Dáil debates

Thursday, 3 April 2025

Ceisteanna Eile - Other Questions

Trade Relations

3:10 am

Photo of Paschal DonohoePaschal Donohoe (Dublin Central, Fine Gael) | Oireachtas source

I thank the Deputy for raising this. Just to add to his point, the greatest challenge of all to the livelihoods of those he is raising today is if the changes that happened last night become bigger and permanent and if they fundamentally change how our global economy works. In order to see if we can avoid that happening, we need to have negotiation and engagement with the US, as the Deputy has acknowledged along with many other Deputies today. It is difficult to see how we get to that happening unless the European Union, including us, indicates that we are willing to respond and take action. With regard to the cause of any long-term harm that we could face or the economy of Europe could face, the first instigator of that has been what has happened in the US, not measures that we may have to very regretfully consider here in Ireland and Europe. In the absence of those measures that have been announced by President Trump, as the Deputy well knows and as he inferred in the point he put to me, we would not even be considering actions that the EU needs to take with regard to trade.

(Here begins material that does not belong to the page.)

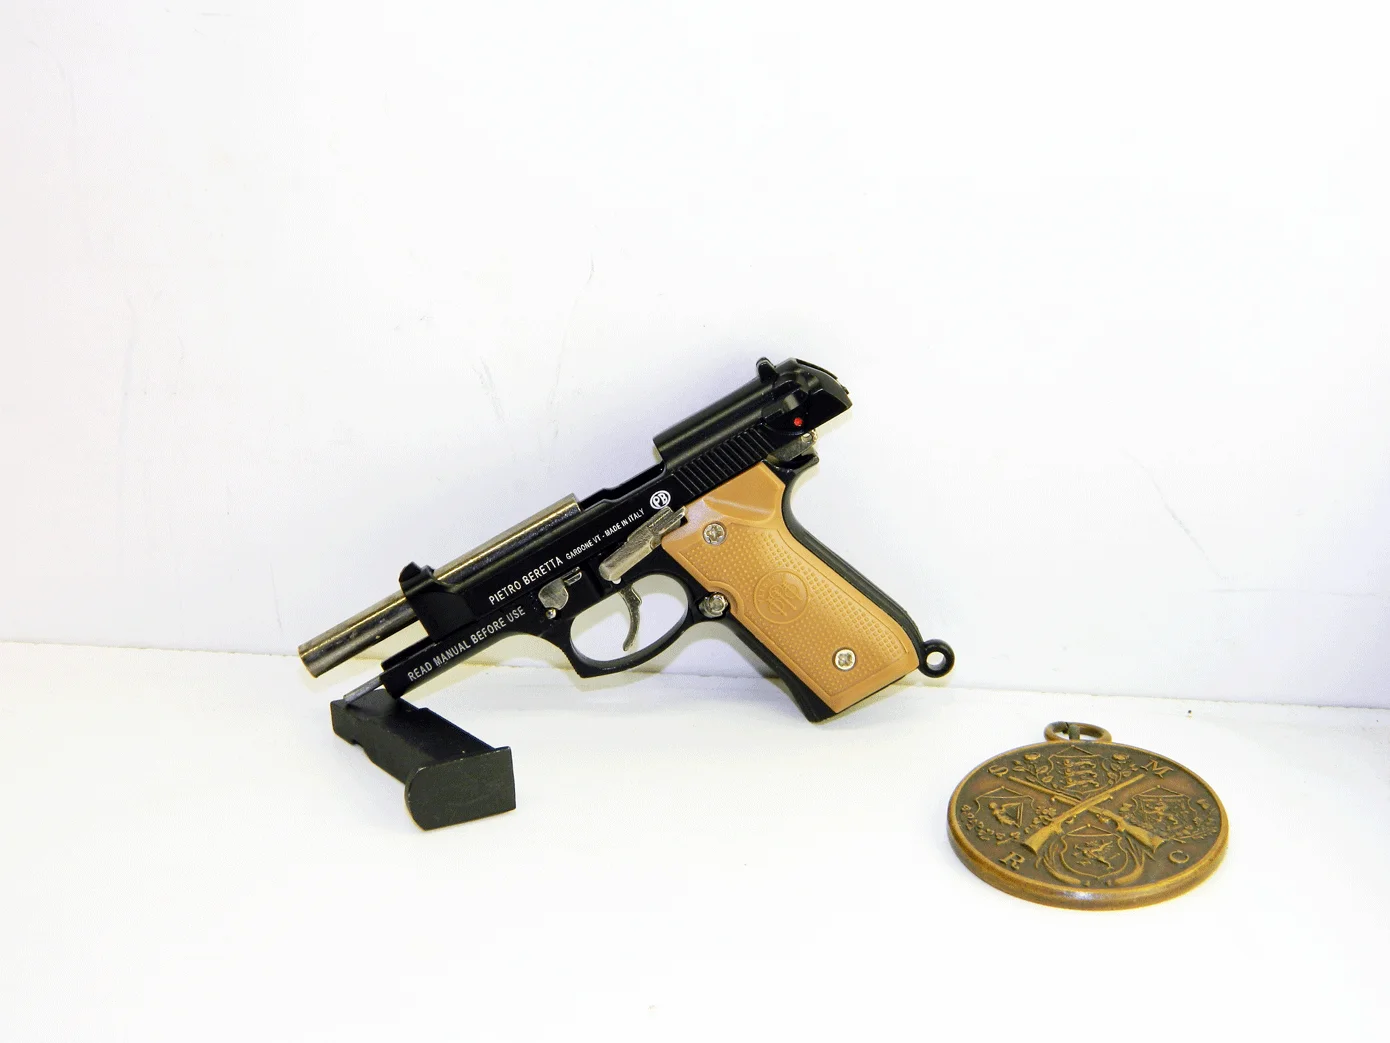 Миниатюрная игрушечная пистолет Beretta 92 PUBG для детей, масштаб 1:3.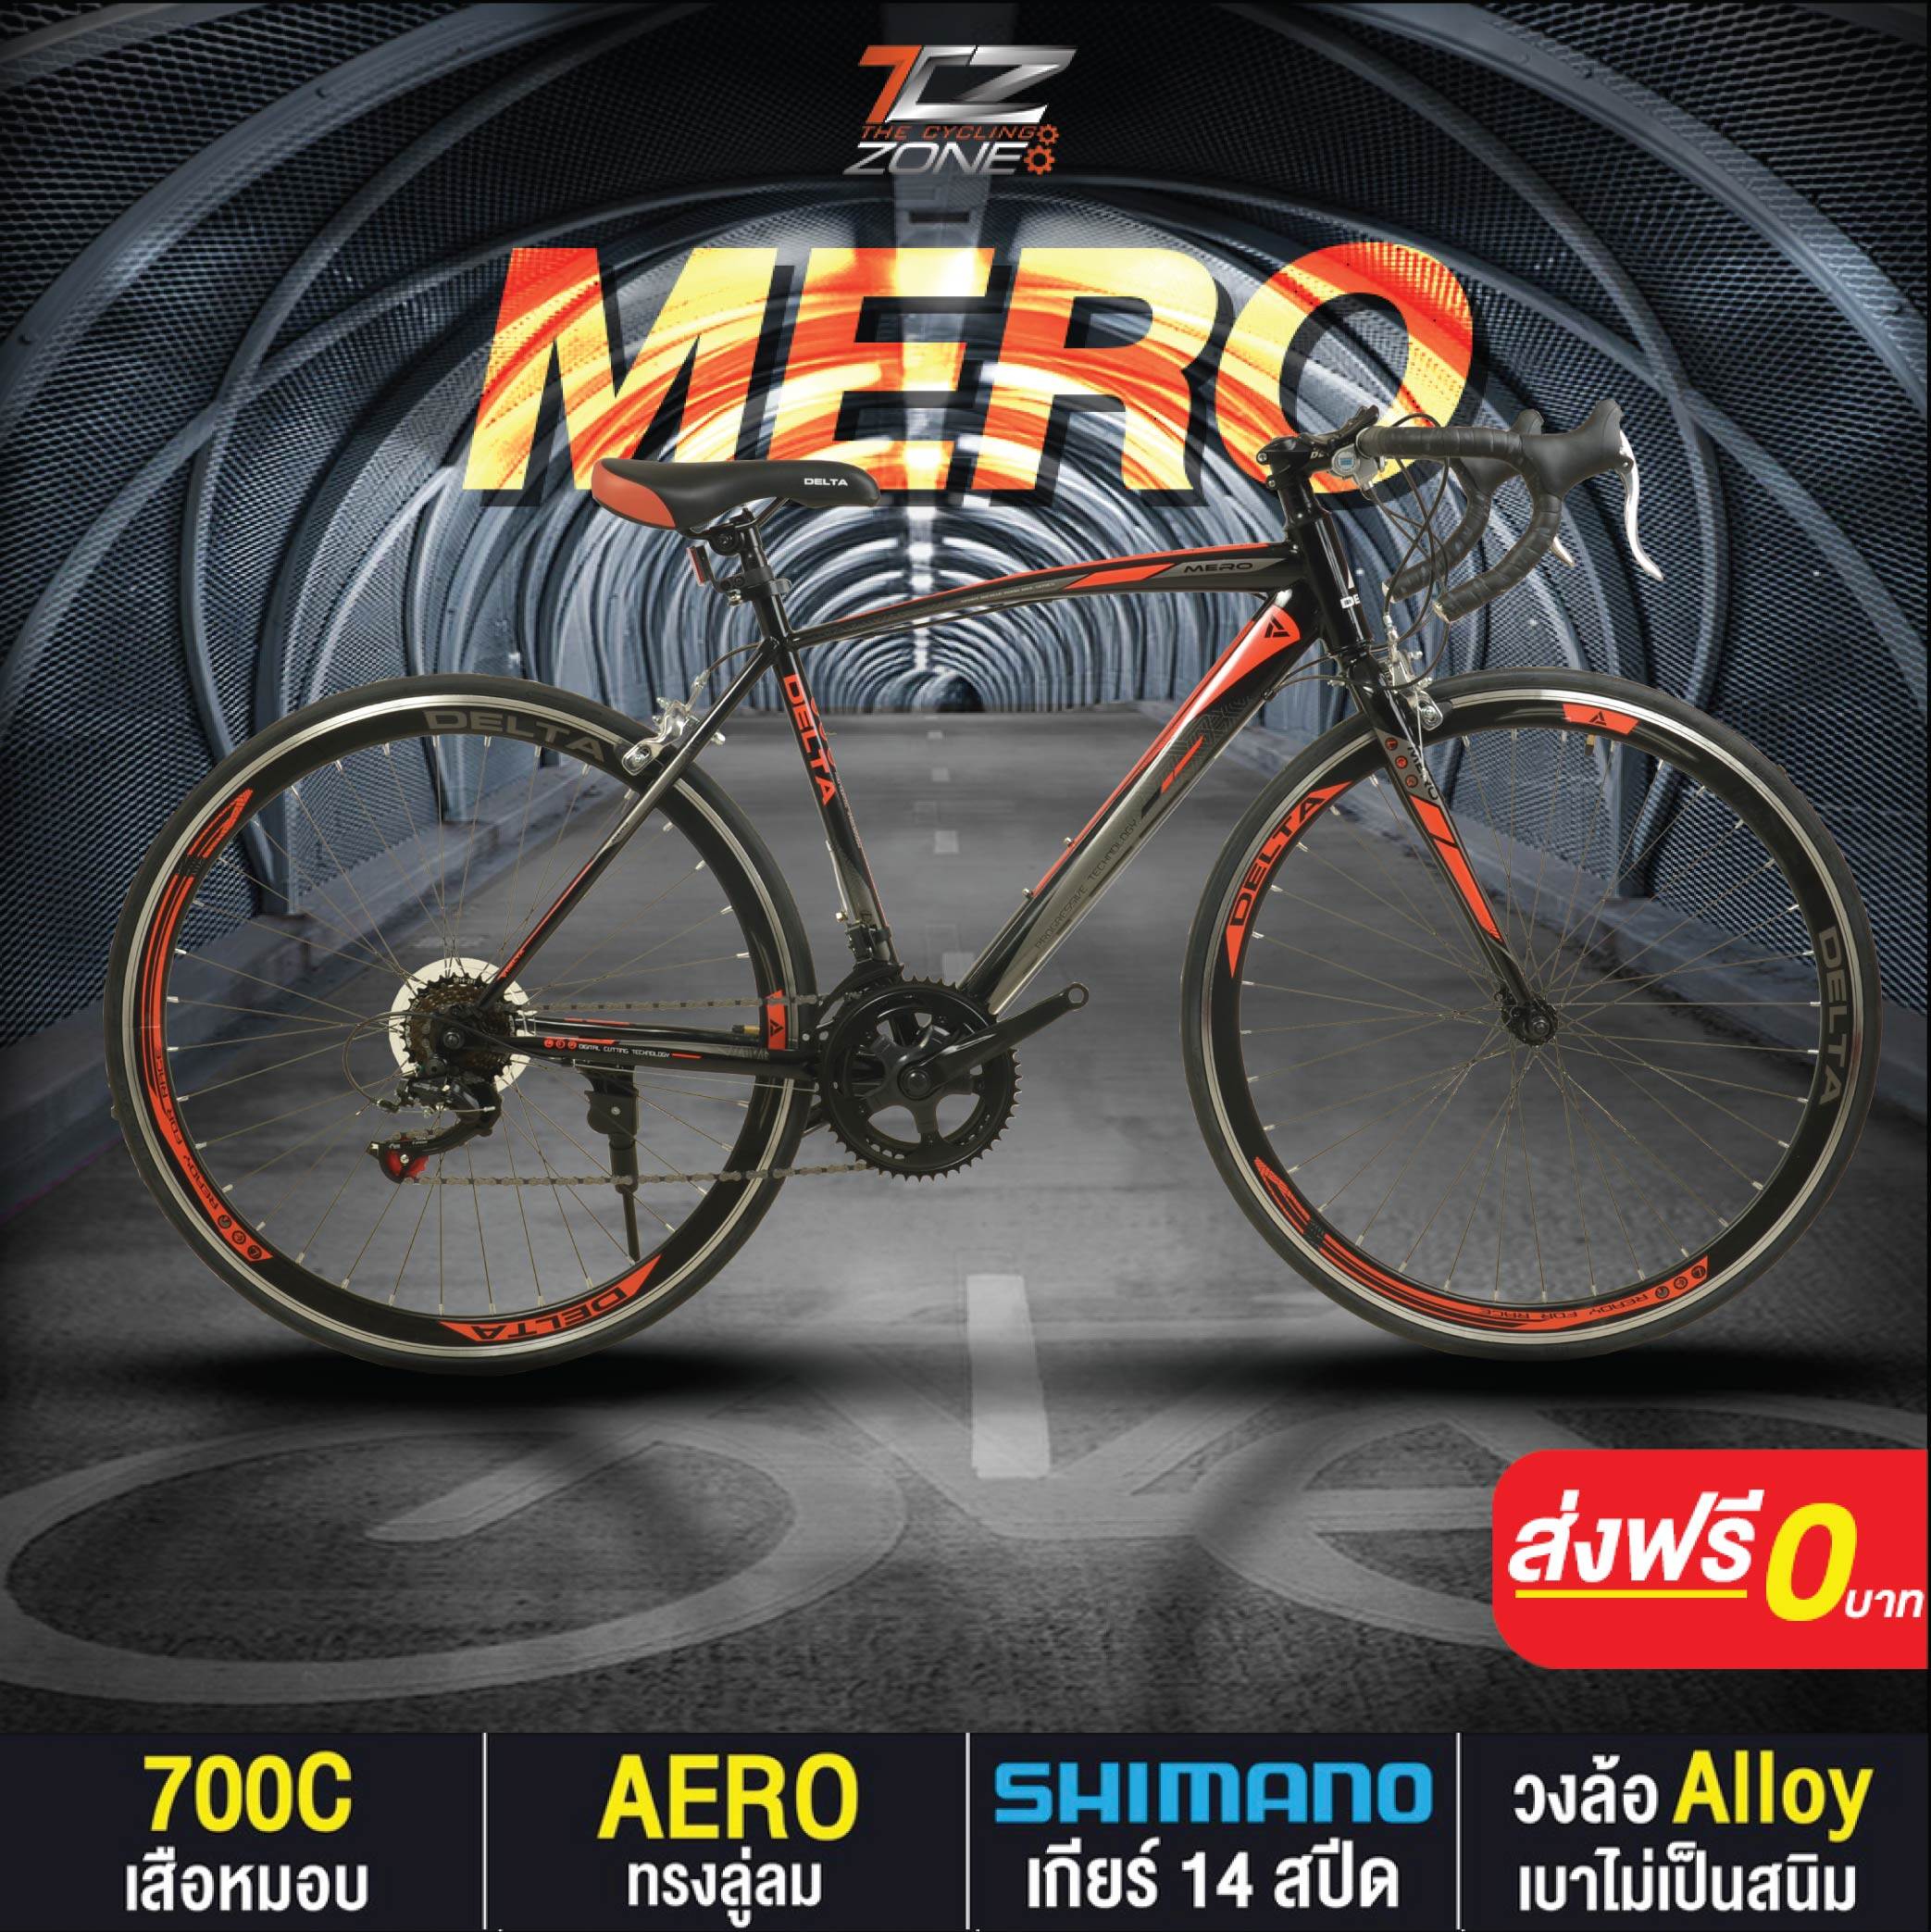 จักรยานเสือหมอบ 700C / DELTA เกียร์ SHIMANO 14 สปีด / ไซส์ 49 / รุ่น MERO สีส้ม

To answer the question he put to me regarding my engagement, on Friday of next week there will be a meeting of all finance Ministers of the European Union in Warsaw. In advance of that meeting, beginning, I hope, tomorrow, I will be talking to my colleagues about the issues the Deputy raised. On Monday, the Tánaiste will be meeting trade Ministers of the EU. I know the Taoiseach has engaged with the Commission on this and will be doing so with other Heads of Government. That is all under way. It has begun and will only intensify in the days and weeks that await all of us.